Act Of Meanness / Lost by a Nose / Co-Mammas / The Internet and Hate Speech
1. Act of Meanness
A Quebec Superior Court Justice recently heard an unusual estate application. A Montreal area woman was convinced that her deceased brother’s wife had been unfaithful to him. At a supper held after her brother’s funeral, the woman played a video she recorded of a conversation her late brother and his wife had about a month before his death. The video chronicled accusations of infidelity on the part of the widow. The Justice commented: “The broadcasting of this tape at the supper after the funeral caused scandal, shock and humiliation for Madam and her kids, in front of members of the Armenian community who were in attendance…The court is of the view that broadcasting this illegal recording of a private conversation between spouses is not only blameworthy, but constitutes an act of meanness that must be punished.” He found that the widow and her two children suffered significant psychological trauma, stress and anxiety as a result of the sister-in-law’s actions. He ordered her to pay $40,000 in moral and punitive damages to the widow and her two children.

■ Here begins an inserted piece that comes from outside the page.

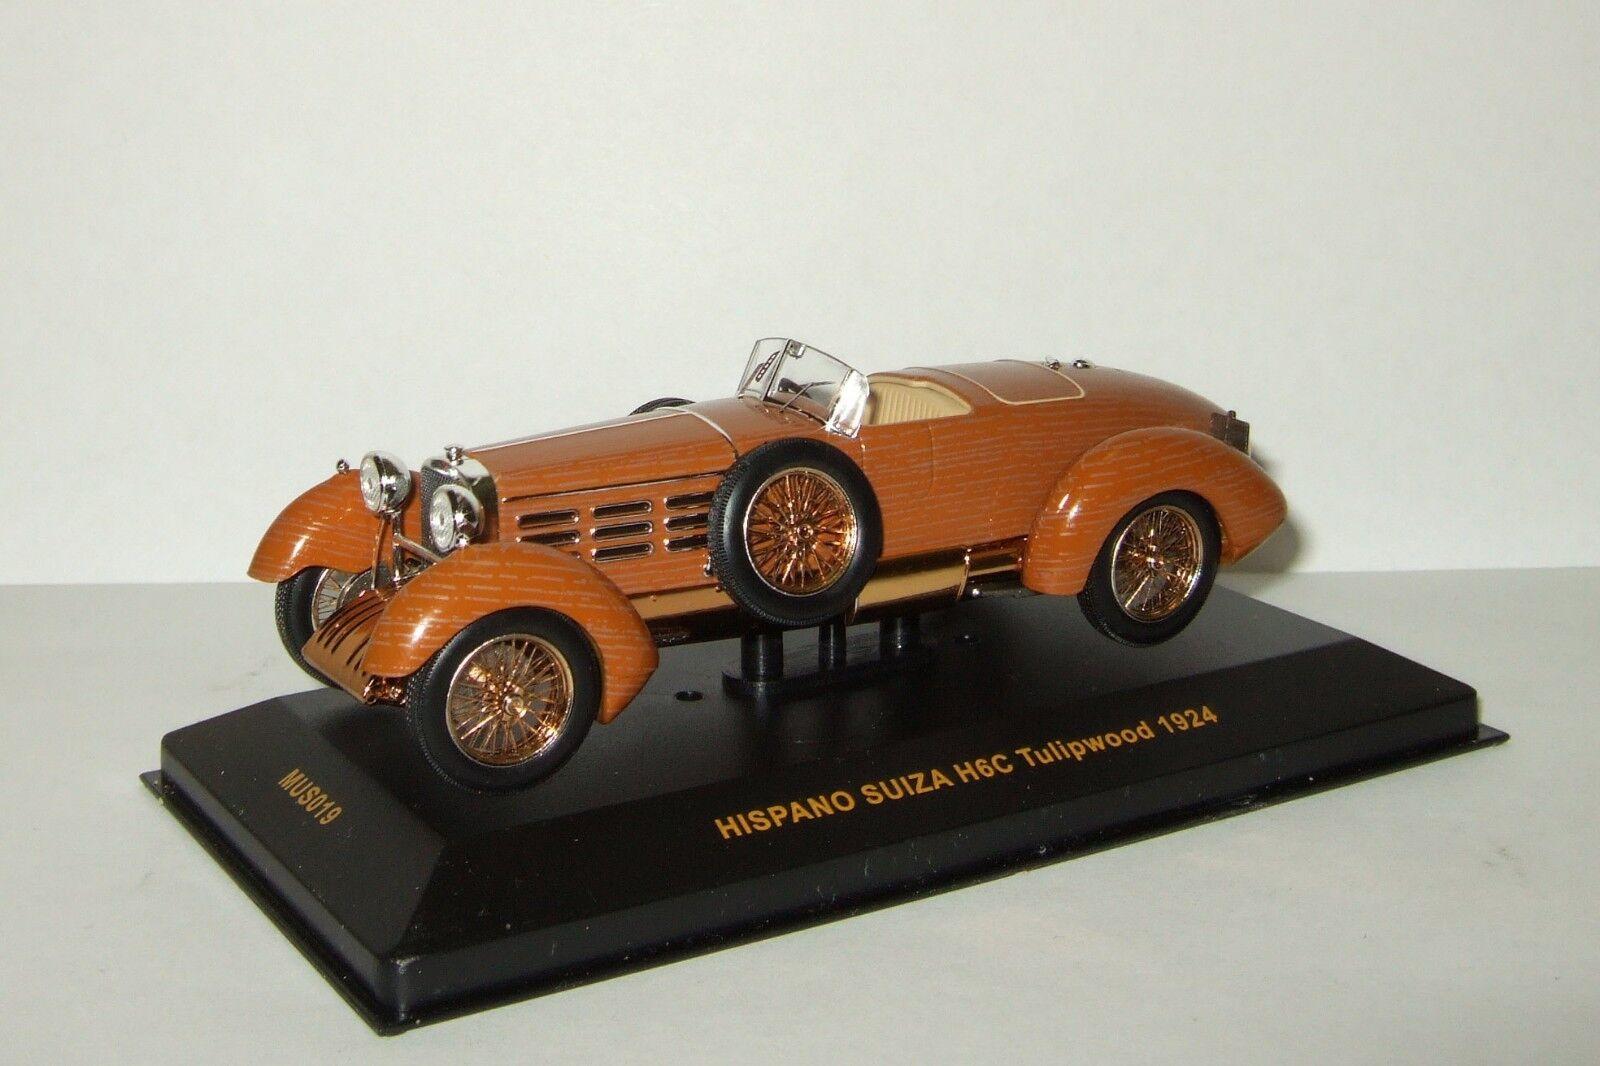 1 43 Ixo Museum HISPANO SUIZA H6C Tulipwood 1924 Mus 019

Ashegh (Succession de), 2016 QCCS 6157 (CanLII)
2. Lost by a Nose
Another unusual funeral event: a Nova Scotia man will serve six months in prison for biting a fellow mourner on the nose at a wake. Many of the mourners were inebriated and a brawl broke out. The accused argued self-defence, maintaining he was trying to keep his balance when he bit the other man on the nose. However, the judge smelled a rat. He said “Apart from acrobats such as the iron-jaw trapeze artist memorialized in the well-known painting by Degas, nobody keeps his balance with his teeth. People will use their arms, hands, legs or otherwise contort themselves when they need to maintain balance. People do not bite into other people to maintain posture.” In addition to the jail sentence, the judge imposed 12 months of probation, a victim surcharge of $200, a DNA collection order and a ten-year firearm prohibition.
- R.v. MacLean , 2016 NSPC 59 (CanLII)
Two law professors at the University of Ottawa have succeeded in being named “co-mothers”, or “co-mamma’s” as they like to say, for a young boy called Elaan. Natasha Bakht gave birth to the child through the use of a sperm donor. Her friend and colleague Lynda Collins, was her birth coach. Elaan was found to be profoundly disabled some months after his birth. Lynda became more and more involved in the life and care of Elaan, moving to a condo one floor up for Natasha and together they handled grocery shopping, meals, and Elaan’s heath care, feeding, and other physical needs. Eventually, Natasha suggested that Lynda become a second mom to the child. The professors made an application for an Order of Parentage that would name them both as Elaan’s parents. In November of 2016 an Ottawa judge decided that the court had jurisdiction to hear the application and that it was in the child’s best interests to grant a declaration of parentage to the two women.
Citation Not Available
4. The Internet and Hate Speech
Justice Bruce Butler of the British Columbia Supreme Court recently heard an interesting argument about hate speech in the Internet era. After a 14- day jury trial, Roy Topham was convicted of willfully promoting hatred of an identifiable group: people of Jewish faith or origin. In a constitutional challenge heard after his conviction, Mr. Topham argued, among other things, that a new legal issue should be considerred in his case because of the Internet age. Now, he suggested, there is wide dissemination of materials and viewpoints similar to Mr. Topham’s on the Internet. This means that the wording of the Criminal Code offence he was convicted under violates his Charter right to free speech and is too broad and out of proportion to the harm it seeks to protect against. He argued that the hate speech law should not be saved by s. 1 of the Charter which allows limits on rights as demonstrably justified in a free and democratic society. However, Justice Butler rejected this argument, stating: “The fact that the Internet has significantly increased the ability of people, businesses and governments to communicate widely does not raise a new issue in the s.1 justification of the Criminal Code provision. Indeed, the fact that the Internet facilitates the easy exchange of information with many people means it can cause the harm outlined in Keegstra. Indeed, the Internet may make the risk of harm associated with hate speech a more pressing issue”.